Body and brain are crucial to good balance
One
thing is for certain: Balance can’t be taken for granted past a
certain age; it must be maintained — both in mind and body.
If
you’ve ever seen a friend or family member fall and suffer a major
fracture, you know it’s serious business. It seems obvious that
general physical fitness and targeted exercises can improve balance
and prevent falls. But you might be surprised to learn that staying
mentally active to maintain cognitive fitness also plays a big role.
A
sharp mind helps you to think — and stay — on your feet.
“We
need careful planning of our movements, decision making, reaction
time, and attention,” says Brad Manor, Ph.D., an instructor in
medicine at Harvard Medical School and director of the Mobility and
Falls Program, Hebrew SeniorLife of Boston. “Staying mentally
active is very important to avoiding falls.”
How
do we keep our balance? The inner ear, which senses head motions, is
an important part of the intricate system of balance. So is the
body’s somatosensory system, which relays the feeling of the ground
beneath your feet. And, of course, vision tips you off to obstacles
around you. The brain takes in all this information, plans our
movements, and carries them out. “Balance is a complex system,”
Manor says. “Especially as we get older, cognition becomes a big
part of it.” Keeping the mind fit keeps us mentally sharp and helps
us to navigate the ever-shifting obstacle course of the world.
Manor
and his fellow researchers are studying the balance benefits of tai
chi, a form of exercise that involves moving gently through a series
of poses. Tai chi improves balance because it works both the mind and
body. “Tai chi involves planned movements,” Manor explains. “It
emphasizes being aware of the movements and how they feel.” Classes
in tai chi and a related exercise system, qigong, are widely
available. You could also perform daily “standing balance”
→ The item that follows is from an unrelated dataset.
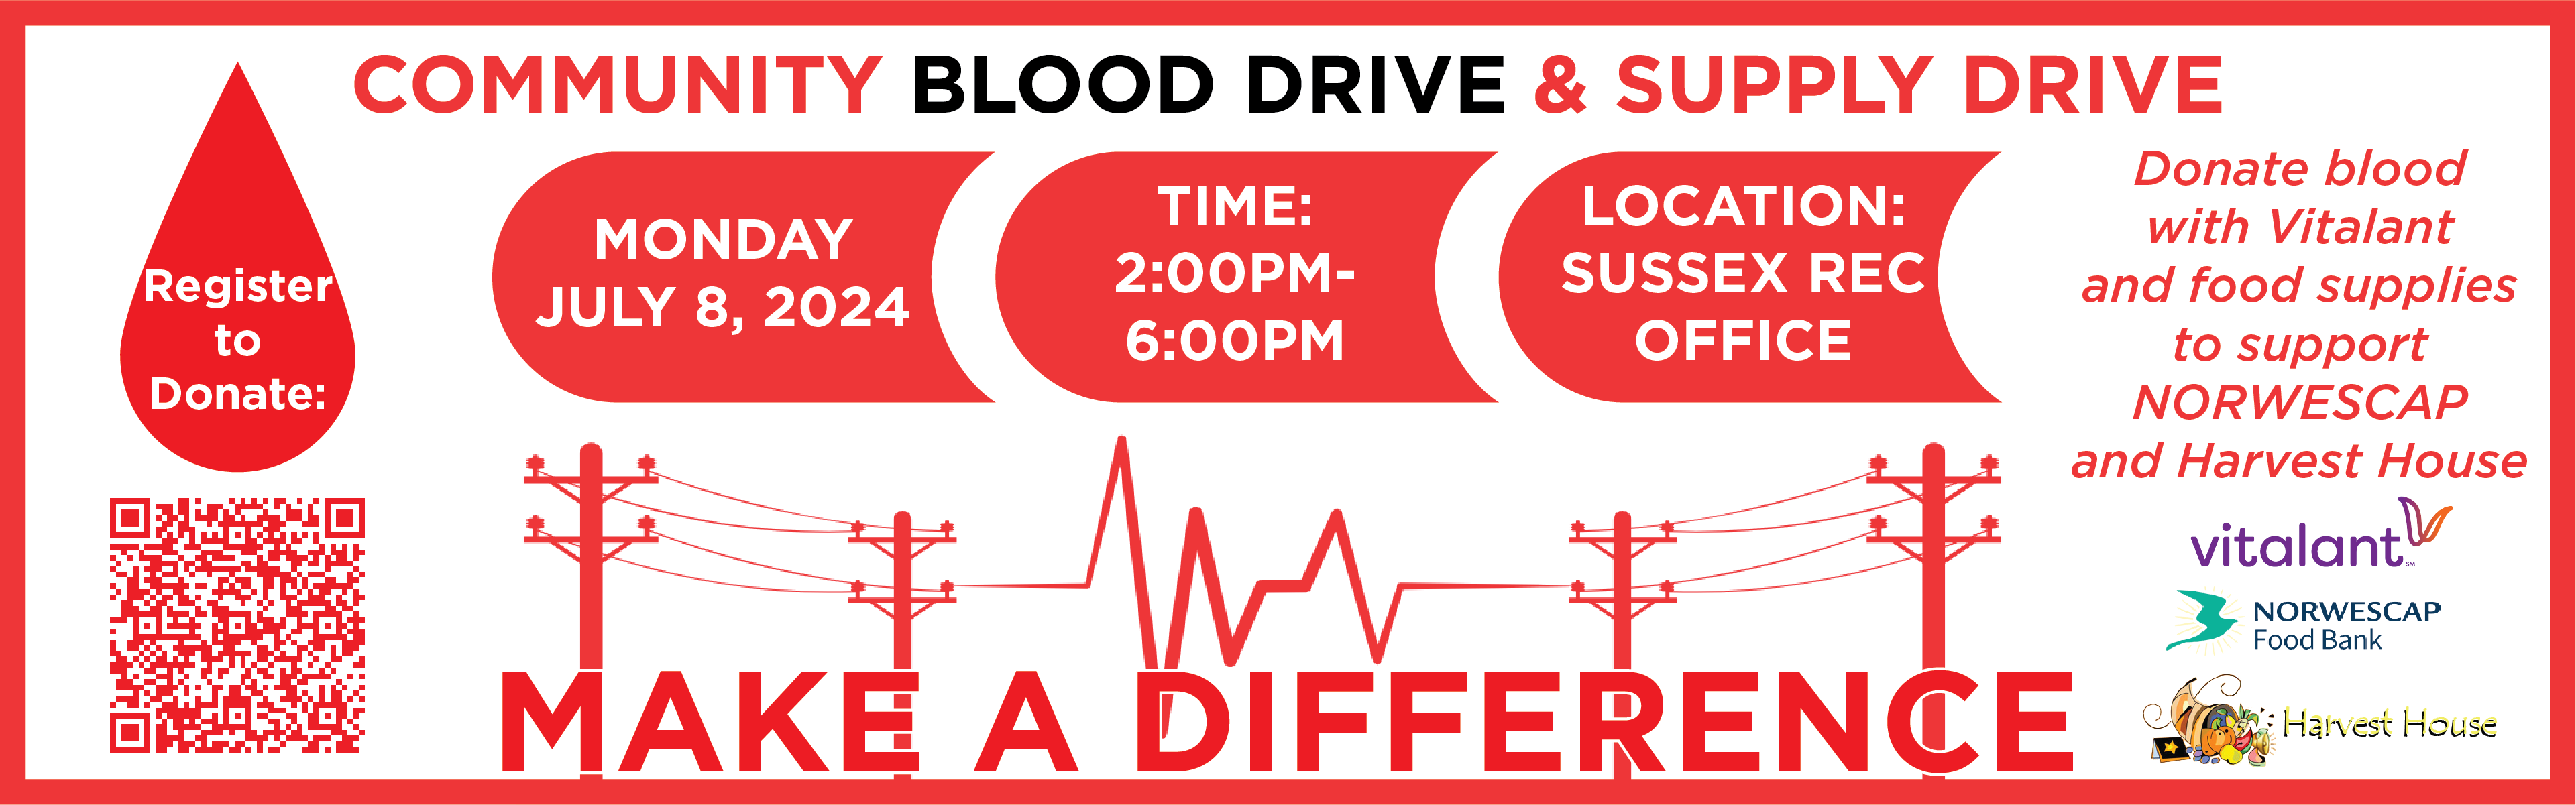 COMMUNITY BLOOD DRIVE & SUPPLY DRIVE. Monday, July 8, 2024. Time: 2:00pm - 6:0pm. Location: Sussex REC office. MAKE A DIFFERENCE. Donate blood with Vitalant or food supplies to support NORWESCAP and Harvest House!

exercises. These include repeated moves that involve standing on one
leg while gently lifting the other.
Maintaining
mental fitness, remaining physically active, and practicing tai chi,
qigong, yoga, or some other mind-body exercise can help you keep your
balance and avoid stumbling. But if you do lose your balance,
recovering requires muscle power. Power is the ability to exert force
quickly — the kind of conditioning an experienced ballroom dancer
uses to “push off” during quick steps and turns. Rapid, forceful
exercises like hopping and side stepping help to build power. For
beginners, classes or trainers are valuable to learn how to exercise
for power safely.
You
can develop a routine that can help you build better awareness of
your body and surroundings, boost your confidence, and tune up your
heart and lungs to keep you healthy and independent.